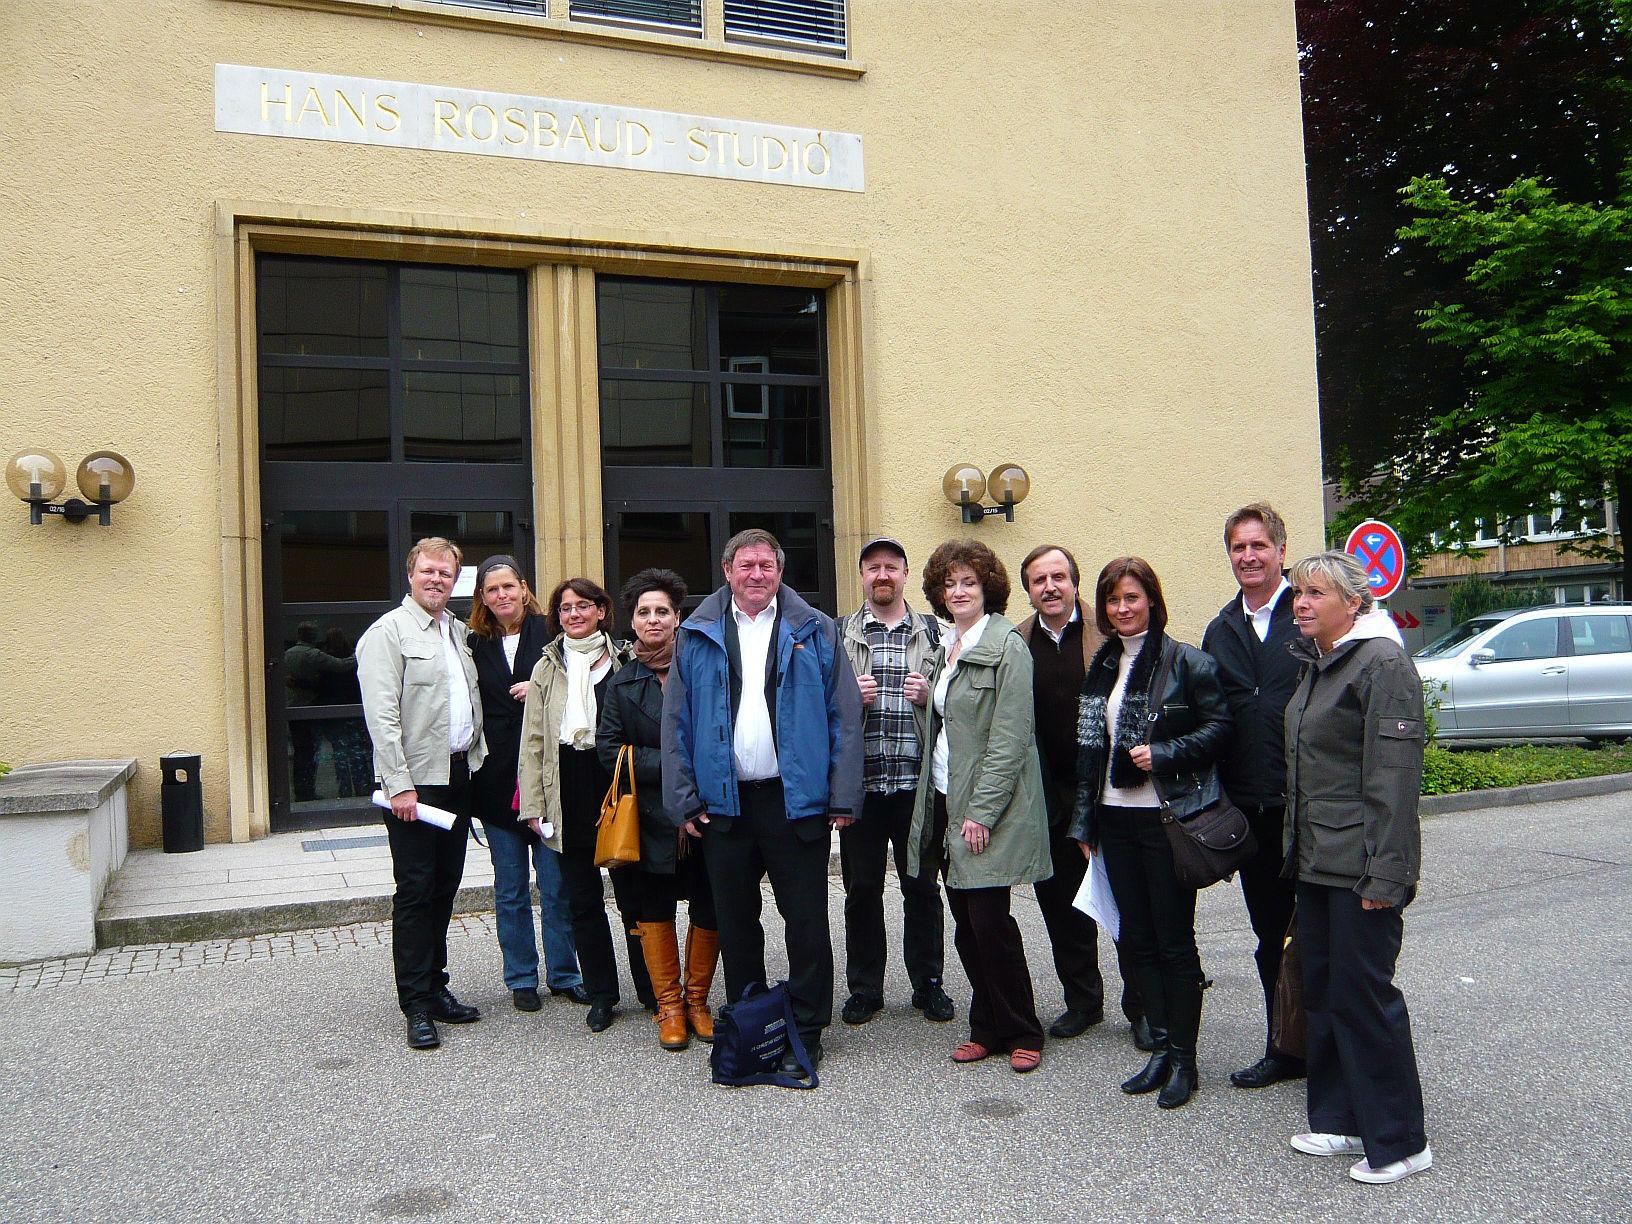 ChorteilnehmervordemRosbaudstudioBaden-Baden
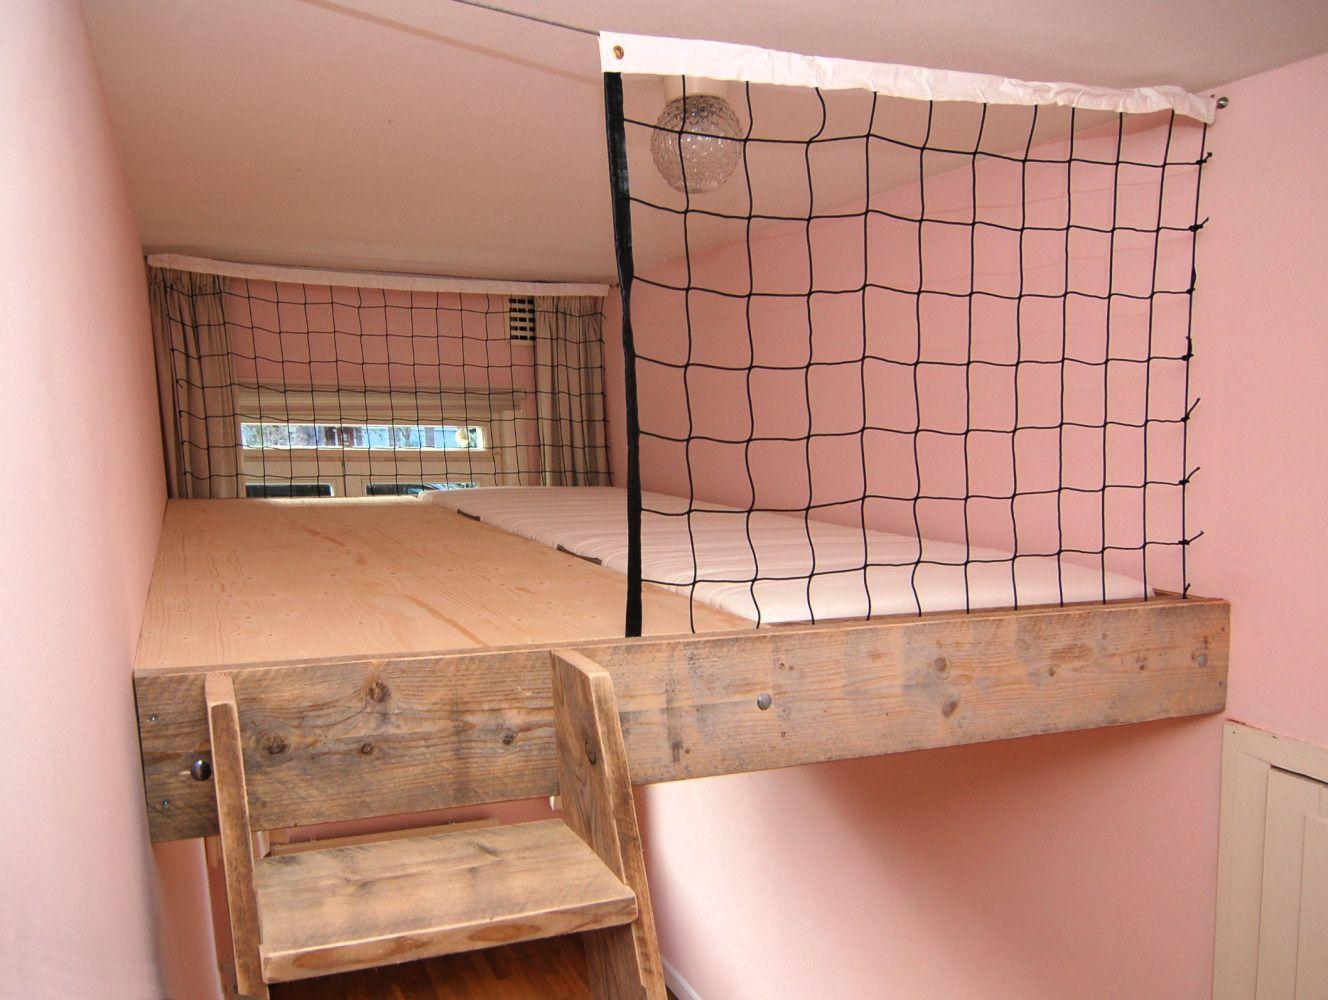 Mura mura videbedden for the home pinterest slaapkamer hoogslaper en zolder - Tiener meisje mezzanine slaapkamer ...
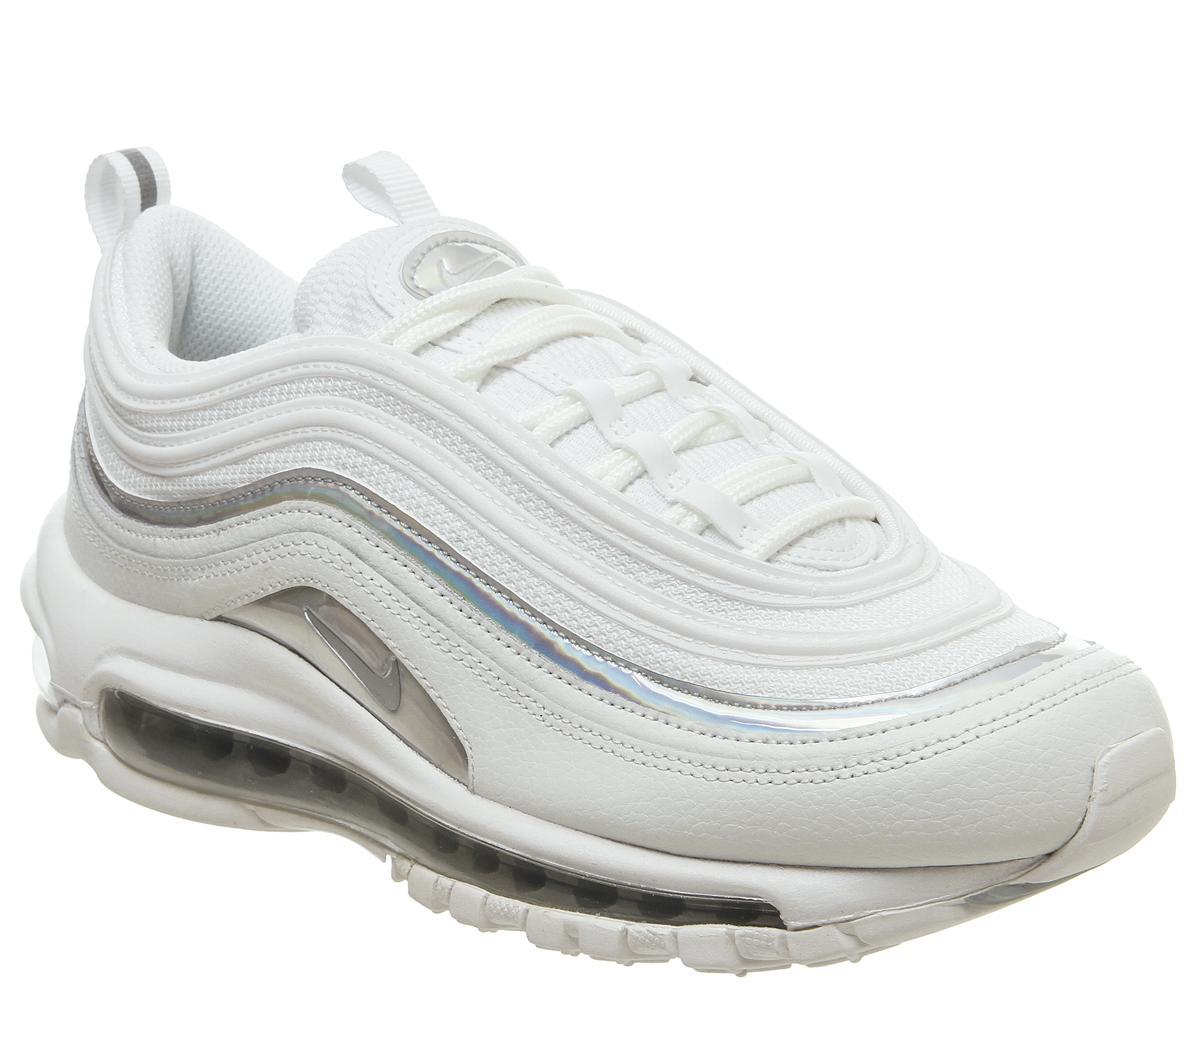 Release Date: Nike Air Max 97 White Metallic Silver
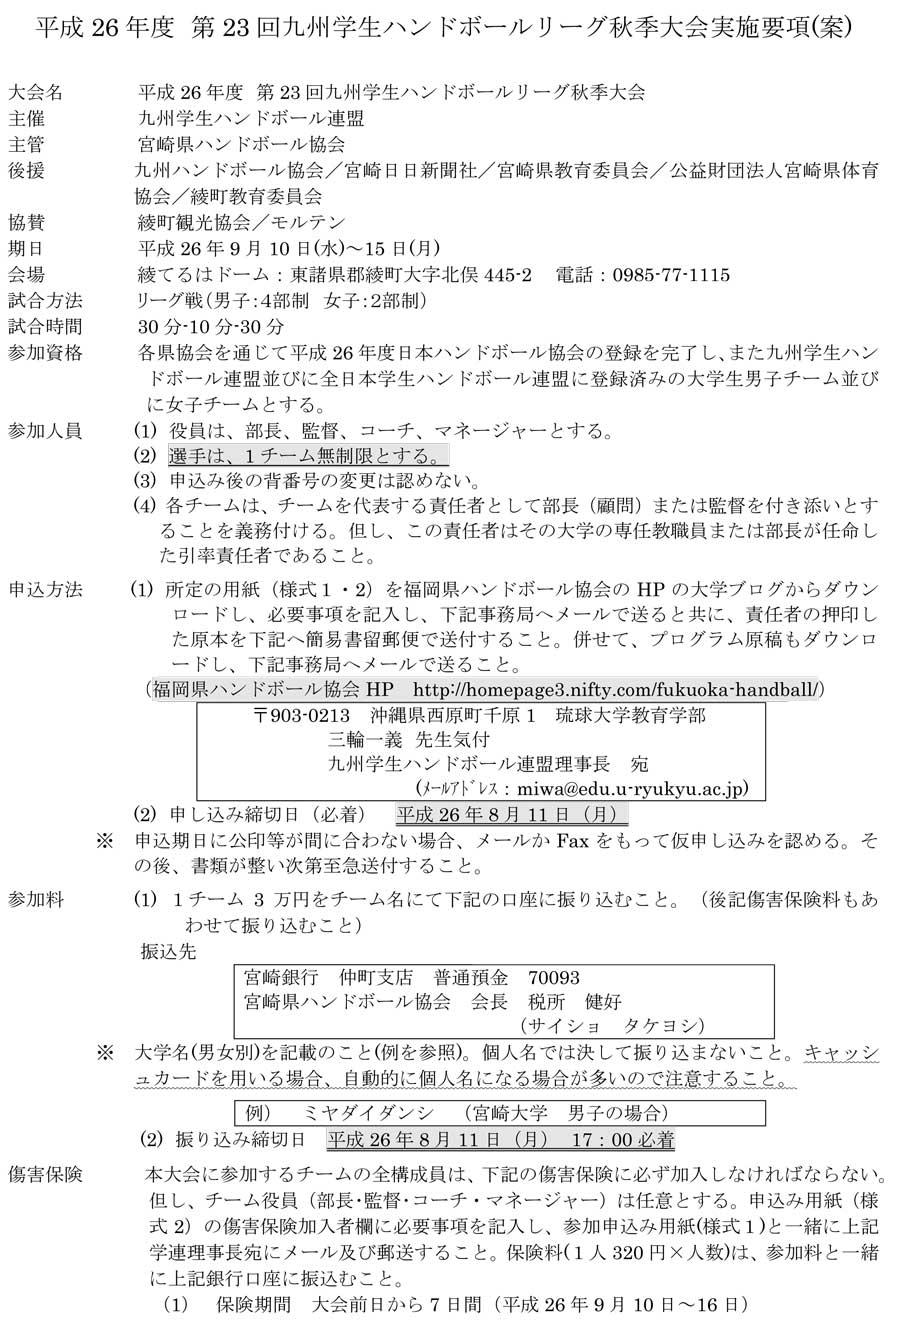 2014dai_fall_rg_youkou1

=======

Every line from the one containing "Release Date: Nike" through the end of the listing is to be copied exactly; the pictures are not.

 Release Date: Nike Air Max 97 White Metallic Silver
 2014dai_fall_rg_youkou1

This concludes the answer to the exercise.